The second annual global survey of RICS members' attitudes to sustainability was published this month.
The RICS Green Gauge survey, which is an independent survey conducted by the Oxford Institute for Sustainable Development (OISD), based in the Faculty of Technology, Design and Environment at Oxford Brookes University, aims to:
- Assess the extent to which the surveying profession is continuing to engage with the sustainability agenda, by examining key measures such as the response to client demand for sustainability-based services and the frequency of use of sustainability information, tools and techniques.
- Track and monitor attitudes towards the sustainability agenda over time, and examine changes in attitudes by Professional Group and by Global Region.
- Identify and prioritise policy actions for RICS to monitor and improve the level of service it provides to its members in relation to the use of such information, tools and techniques.
A total of 888 RICS members responded to the second annual RICS Green Gauge online survey in 2010 (following the previous 2008/09 RICS Green Gauge survey), and the results show that sustainability remains high on RICS members’ agendas despite the impacts of the recent recession. This is borne out by the 'Sustainability Index', which, in 2010, remains unchanged from the last survey of 2008/09.
More than 40% of all respondents have used sustainability tools, techniques and information four or more times during the last year and the proportion of those finding such tools 'very useful' has increased slightly since 2008/09. A majority of RICS members believe that the economic recession will have either a positive impact or no impact on sustainability advice, and the number of respondents who believed the recession would have a negative impact on sustainability fell by 2% from 2008/09.
The RICS Green Gauge 2010 results show that although there has been progress over the last three years, further action is required to 'hardwire' sustainability into professional practice globally. Key barriers continue to be lack of knowledge and lack of expertise, reflecting the inadequacy of training and education in relevant techniques. The most important drivers of sustainability globally are client demand, legal compliance, business bottom line, and responsibility to the environment. This reflects a growing emphasis on the 'business case' for sustainability since the previous survey.

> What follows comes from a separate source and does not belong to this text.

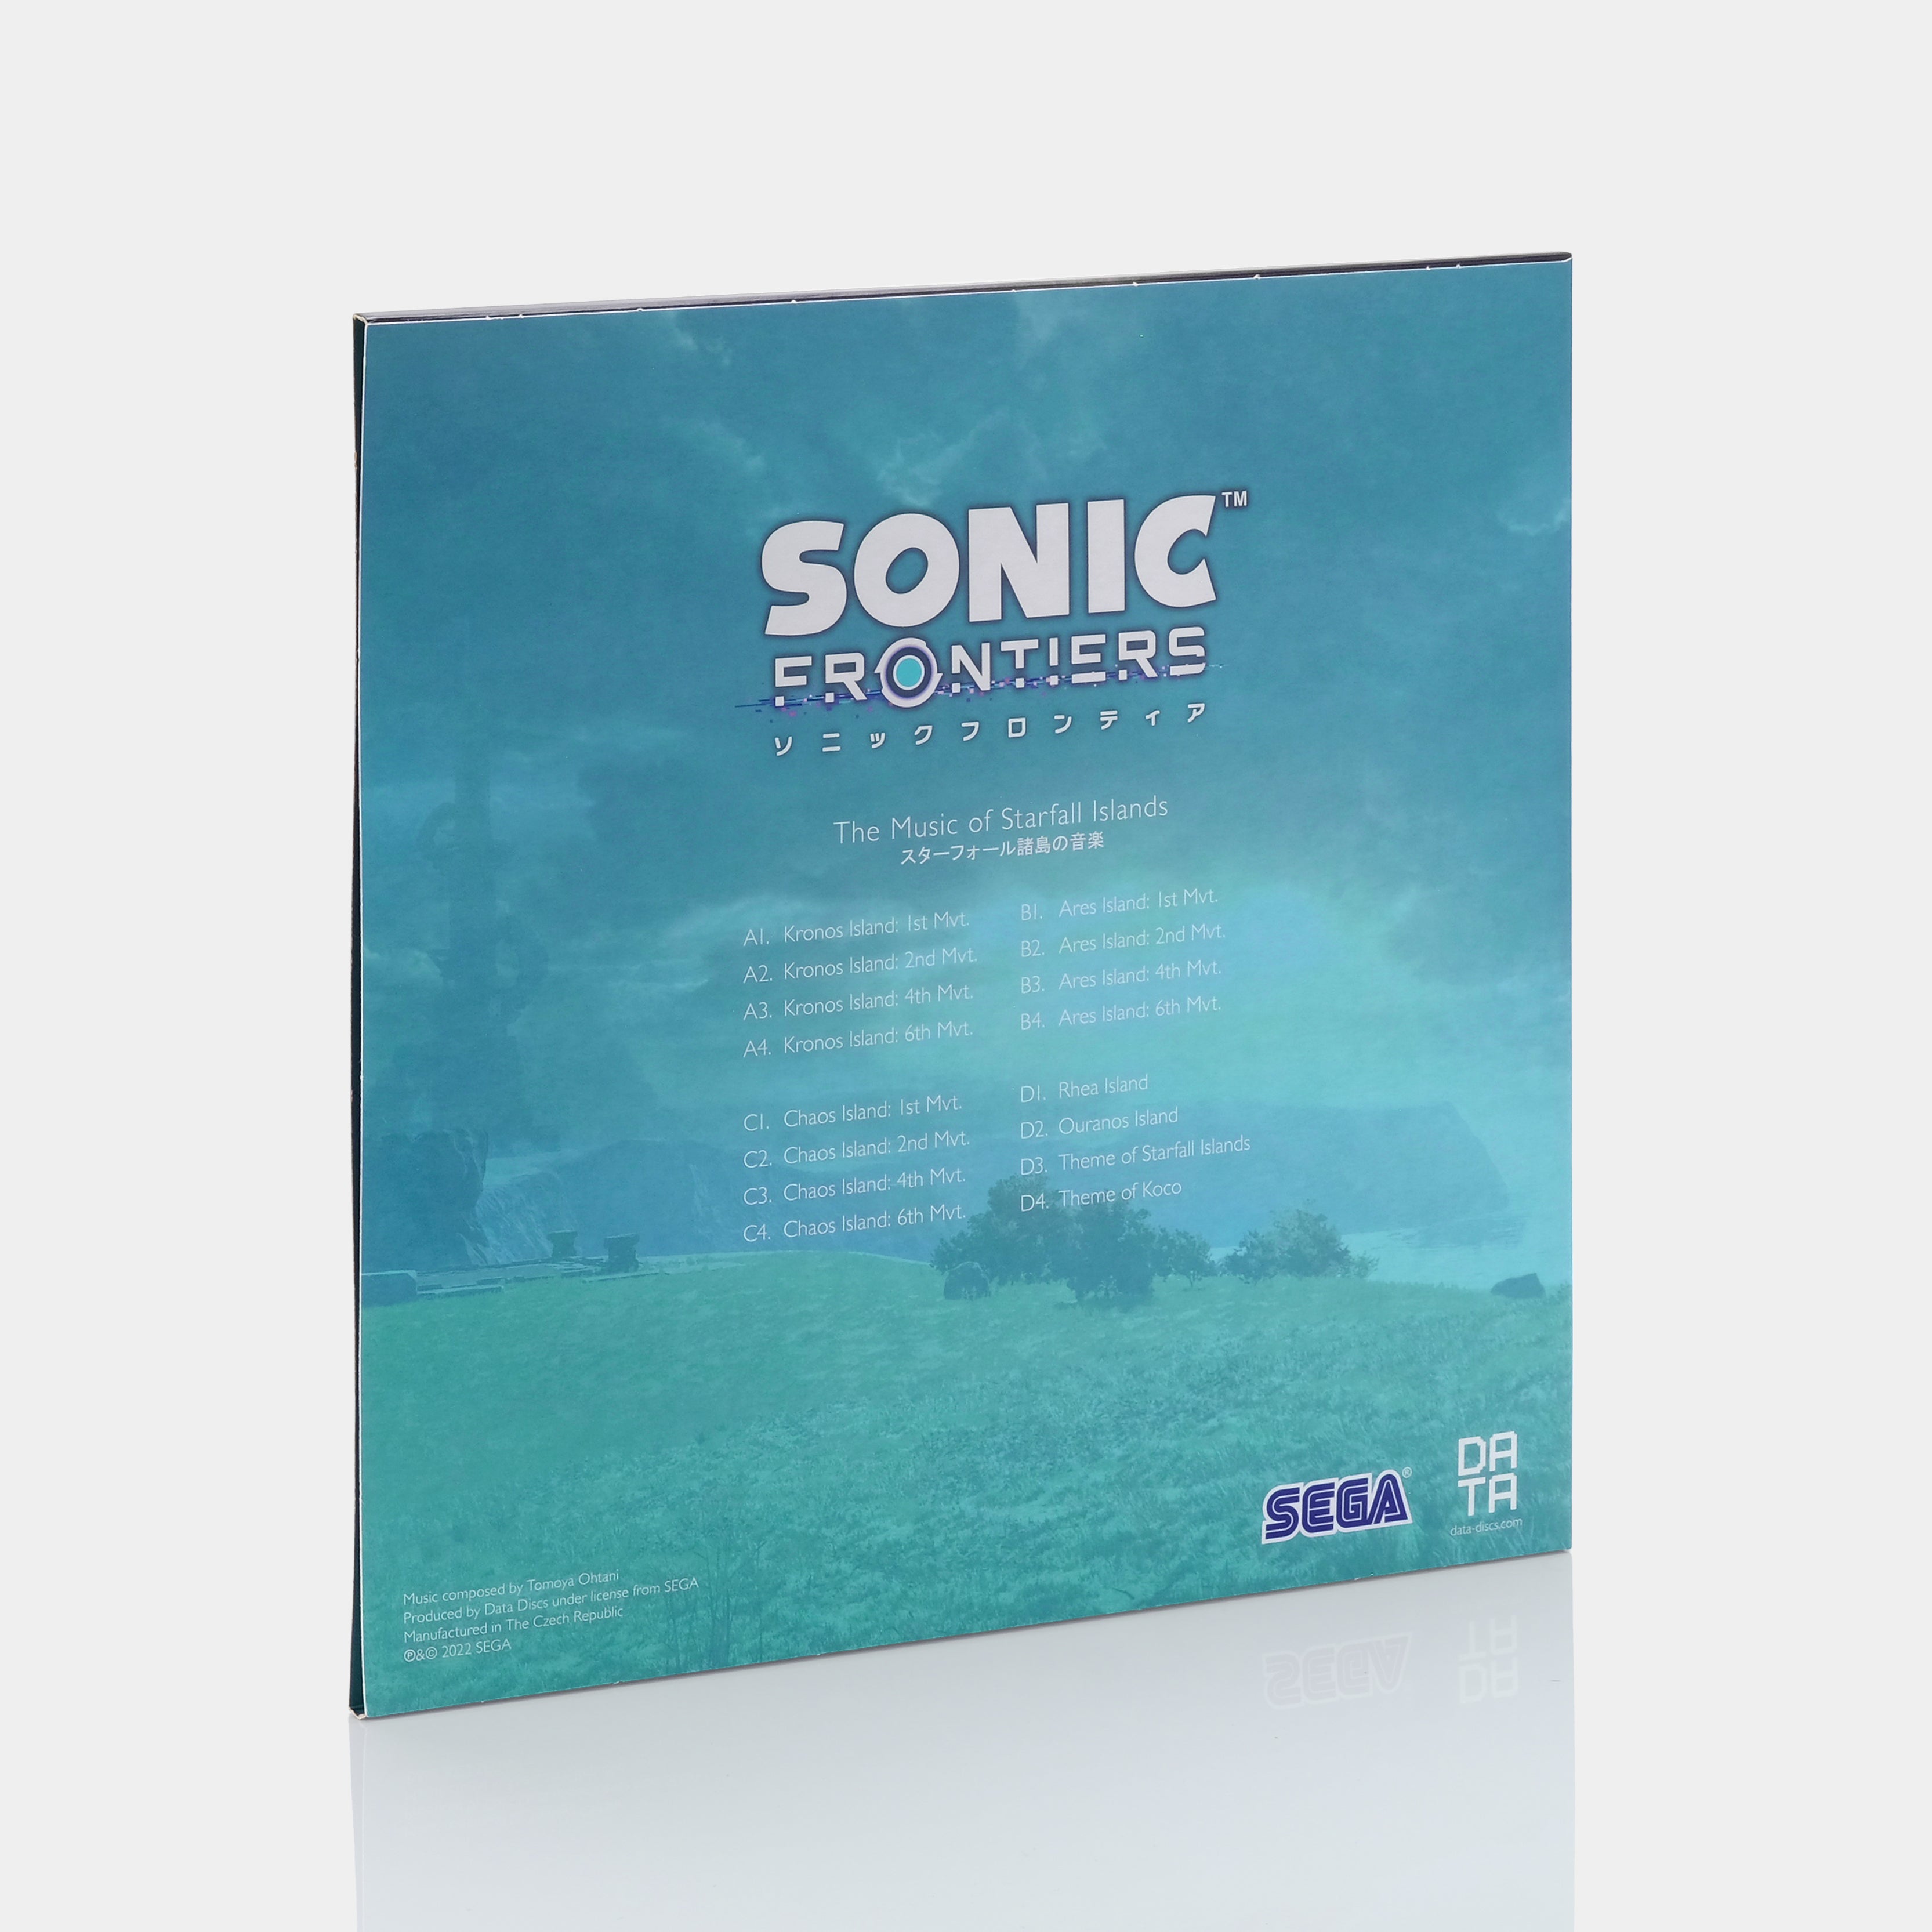 Tomoya Ohtani - Sonic Frontiers: The Music of Starfall Islands 2xLP Blue Vinyl Record

Professor Tim Dixon, Director of OISD and Professor of Real Estate said:
"Although encouraging the Green Gauge results mean that we shouldn't be complacent. In the UK, as the implications of recent environmental-related policy and guidance unfold, new challenges will be presented, particularly if the "pro-growth" agenda gains traction. Given that 70 to 80% of our existing buildings will be with us in 2050, a key question to ask is: how can we retrofit sufficient numbers of buildings at a city scale to achieve the target carbon reduction targets? This involves huge complexity and also the need for a range of built environment professionals (including architects, surveyors and planners) to work together".